━━━━━ GIVEN ENTRIES

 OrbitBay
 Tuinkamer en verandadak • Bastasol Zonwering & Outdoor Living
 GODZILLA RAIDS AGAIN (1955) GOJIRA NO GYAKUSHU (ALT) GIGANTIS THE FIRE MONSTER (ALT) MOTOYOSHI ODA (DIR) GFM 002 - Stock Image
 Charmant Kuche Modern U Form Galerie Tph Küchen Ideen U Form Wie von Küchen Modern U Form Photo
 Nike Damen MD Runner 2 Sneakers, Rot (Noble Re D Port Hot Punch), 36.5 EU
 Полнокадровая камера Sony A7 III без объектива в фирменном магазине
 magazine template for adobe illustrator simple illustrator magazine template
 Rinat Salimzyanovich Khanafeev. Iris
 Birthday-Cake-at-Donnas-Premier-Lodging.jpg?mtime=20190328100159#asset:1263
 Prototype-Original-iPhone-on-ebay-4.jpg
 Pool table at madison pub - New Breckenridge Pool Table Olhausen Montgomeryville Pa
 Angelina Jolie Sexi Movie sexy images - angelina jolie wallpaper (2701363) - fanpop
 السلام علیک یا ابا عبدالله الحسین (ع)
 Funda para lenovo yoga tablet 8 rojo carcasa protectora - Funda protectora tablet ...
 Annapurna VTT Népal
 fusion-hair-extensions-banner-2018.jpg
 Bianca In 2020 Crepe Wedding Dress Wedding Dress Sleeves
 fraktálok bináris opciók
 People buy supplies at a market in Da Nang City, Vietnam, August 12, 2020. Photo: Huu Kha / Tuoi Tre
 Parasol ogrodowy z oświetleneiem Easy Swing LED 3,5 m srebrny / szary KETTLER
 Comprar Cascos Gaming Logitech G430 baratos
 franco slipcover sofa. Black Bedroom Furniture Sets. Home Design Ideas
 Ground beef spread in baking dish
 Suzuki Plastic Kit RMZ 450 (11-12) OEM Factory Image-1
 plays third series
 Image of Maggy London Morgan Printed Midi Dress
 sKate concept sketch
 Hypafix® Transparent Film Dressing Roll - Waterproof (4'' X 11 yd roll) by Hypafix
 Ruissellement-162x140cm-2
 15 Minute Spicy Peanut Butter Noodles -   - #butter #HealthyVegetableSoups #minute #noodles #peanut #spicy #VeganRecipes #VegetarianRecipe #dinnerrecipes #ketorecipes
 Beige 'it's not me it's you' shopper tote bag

━━━━━━━━━━

### EXERCISE INSTRUCTIONS
Search the entries for the word "Photo", then list each line that holds it.

### ANSWER AREA
 Charmant Kuche Modern U Form Galerie Tph Küchen Ideen U Form Wie von Küchen Modern U Form Photo
 People buy supplies at a market in Da Nang City, Vietnam, August 12, 2020. Photo: Huu Kha / Tuoi Tre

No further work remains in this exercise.